DICAS PARA HIGIENE DO SONO
Há um conjunto de práticas que, se adotadas antes de dormir, podem ajudar a facilitar a chegada do sono e melhorar a qualidade dele. É a chamada higiene do sono. Dependendo da realidade de cada pessoa, talvez nem todas as “regras” sejam viáveis para a rotina, mas, no geral, quanto mais recomendações forem incorporadas, mais benefício são proporcionados. As principais orientações do Instituto do Sono são:
- Ter horários bem definidos para dormir e acordar, que devem ser seguidos mesmo em feriados e aos fins de semana;
- Não consumir bebidas estimulantes — como cafeína, chocolate, bebidas alcoólicas, chá-preto, chá-verde e refrigerantes — pelo menos seis horas antes de dormir;
- Não comer alimentos muito pesados no jantar e evitar estimulantes como açúcares ou comidas picantes;
- Praticar exercícios físicos com regularidade, respeitando uma janela de pelo menos quatro horas antes do horário de ir dormir;
- Ficar longe de telas — como celulares, televisão e tablets — na cama pelo menos uma hora antes de dormir;
- Evitar cochilos durante o dia.

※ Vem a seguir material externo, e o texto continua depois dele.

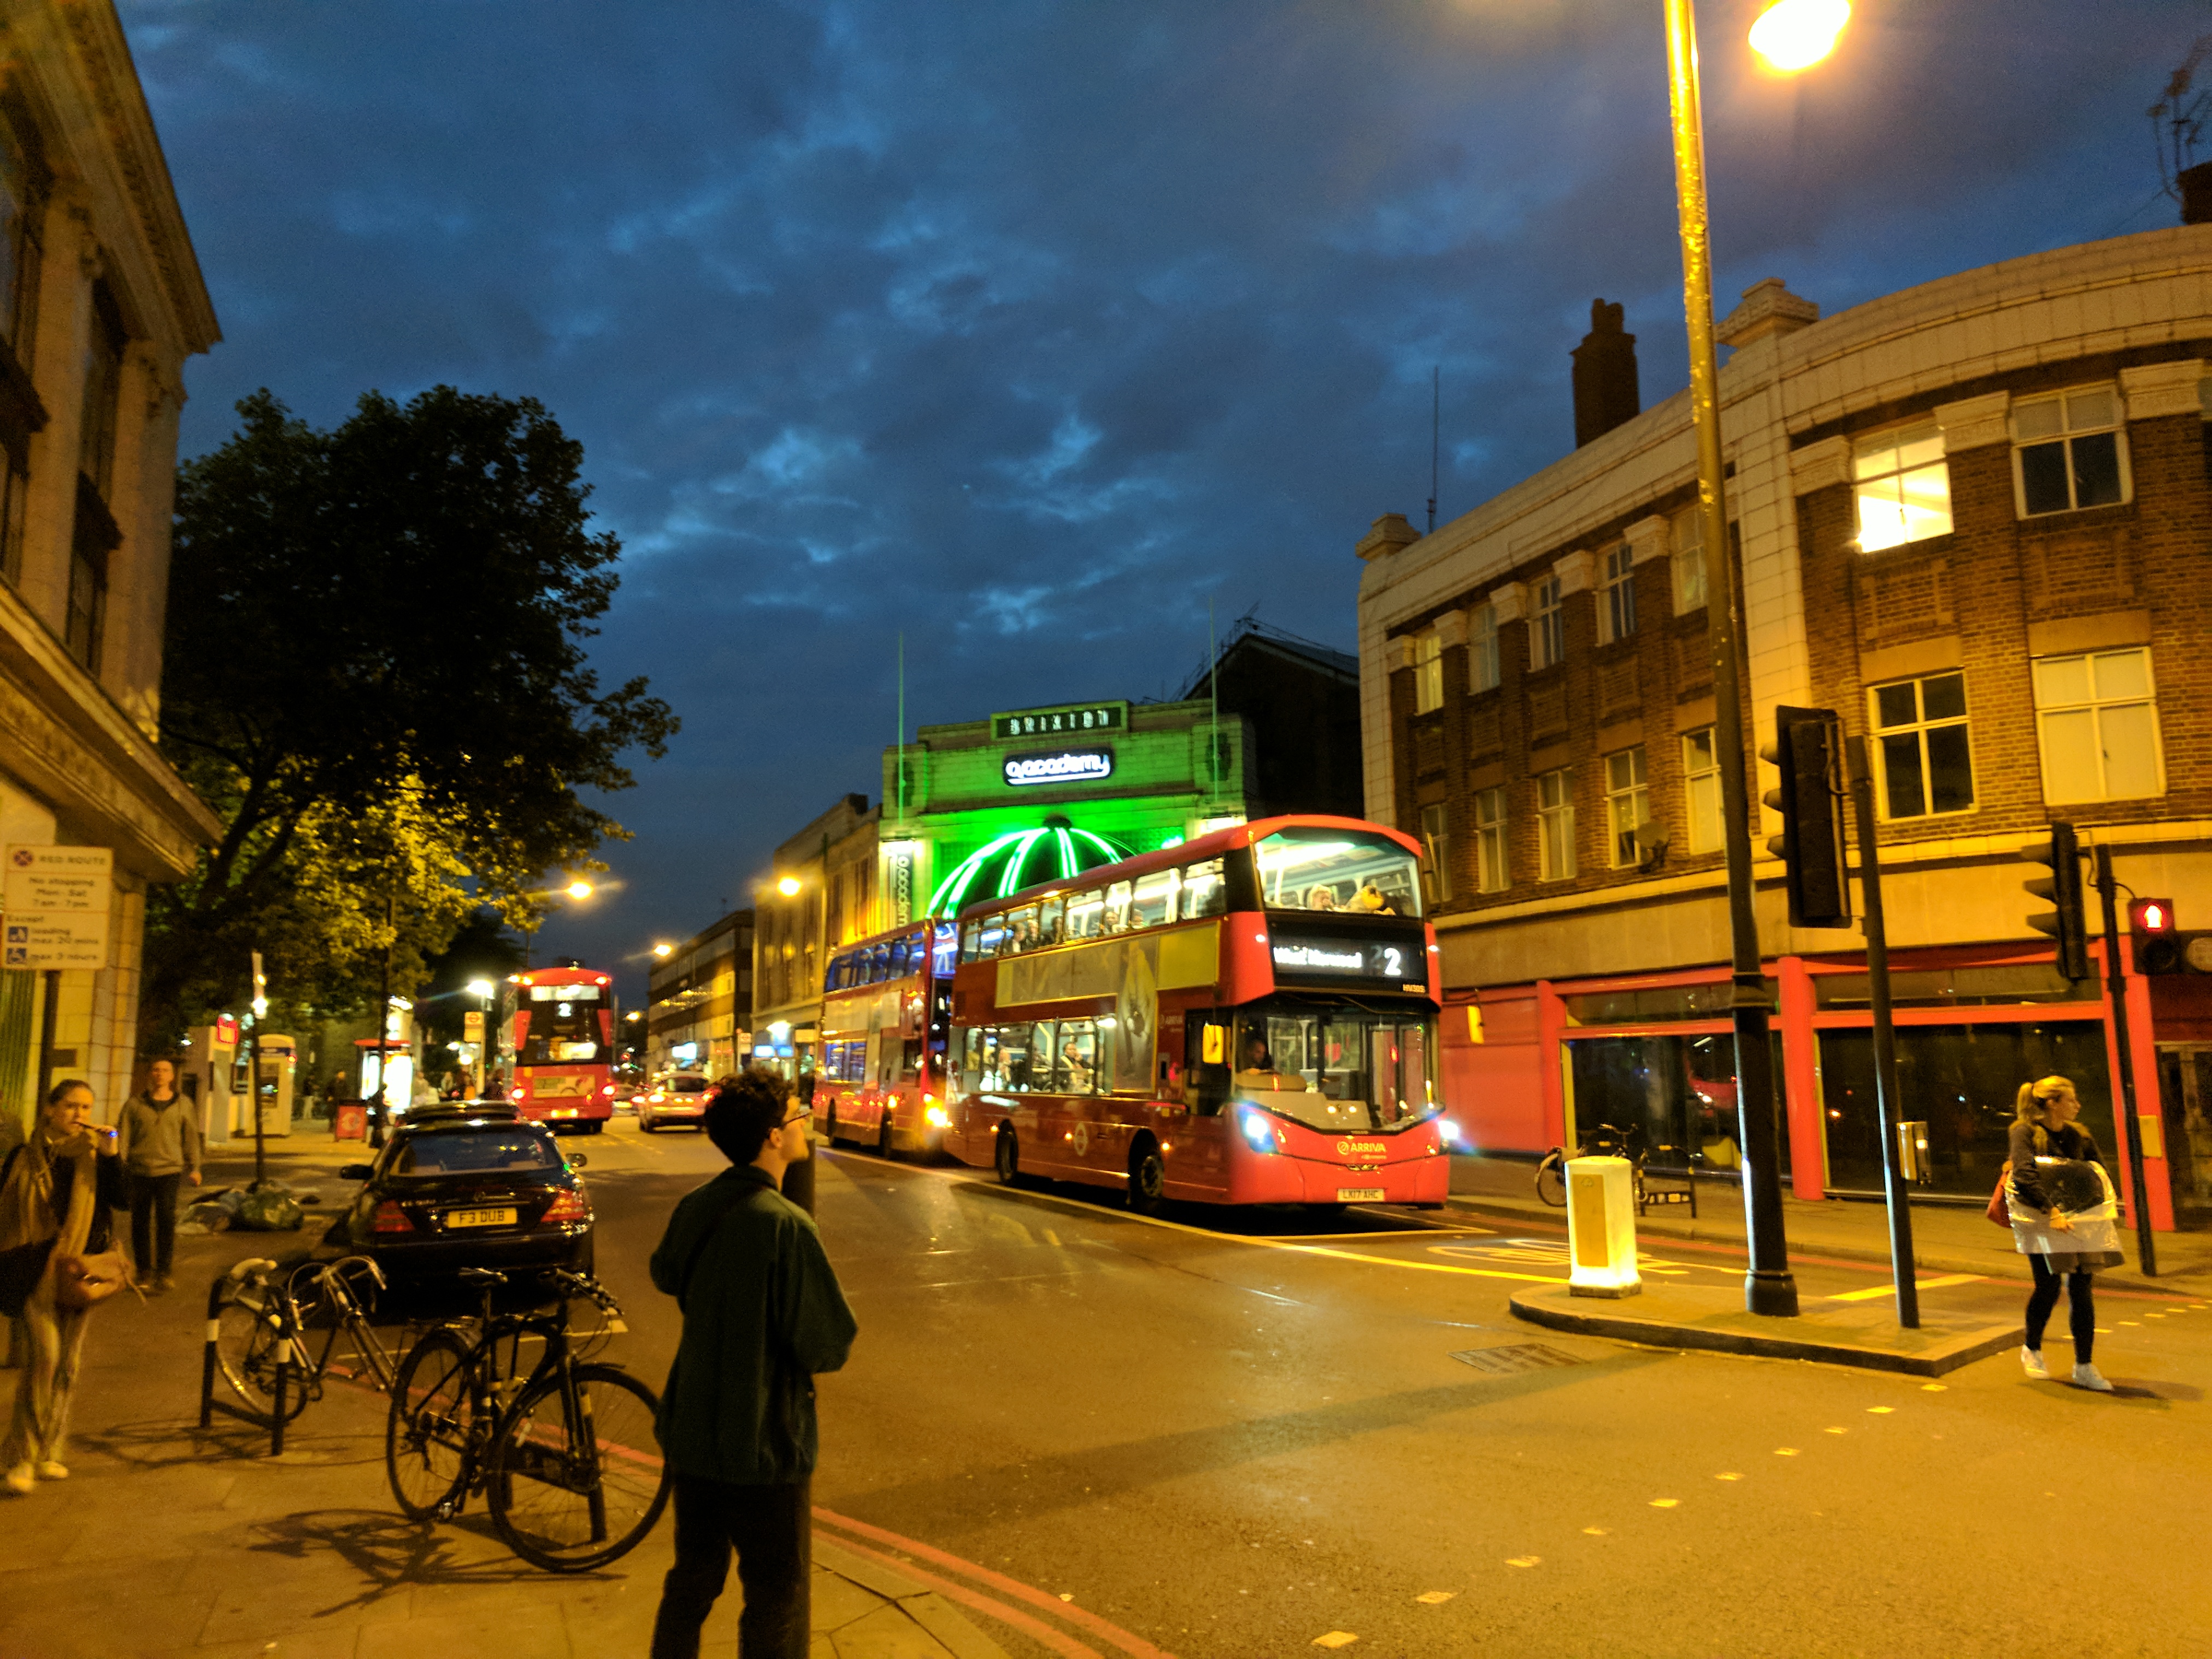 Brixton Academy illuminated in neon green, a double decker london bus in the foreground.

Se não for possível, impedir que eles se estendam por mais de 45 minutos ou que aconteçam ao final do dia;
- Manter o quarto escuro, com luz indireta e diminuta;
- Controlar a temperatura do quarto, dando preferência por aquelas mais amenas;
- Usar pijamas confortáveis e adequados para o clima;
- Manter o ambiente silencioso e tranquilo;
- Não usar a cama ou o dormitório para outras atividades não relacionadas ao dormir, como trabalhar ou estudar.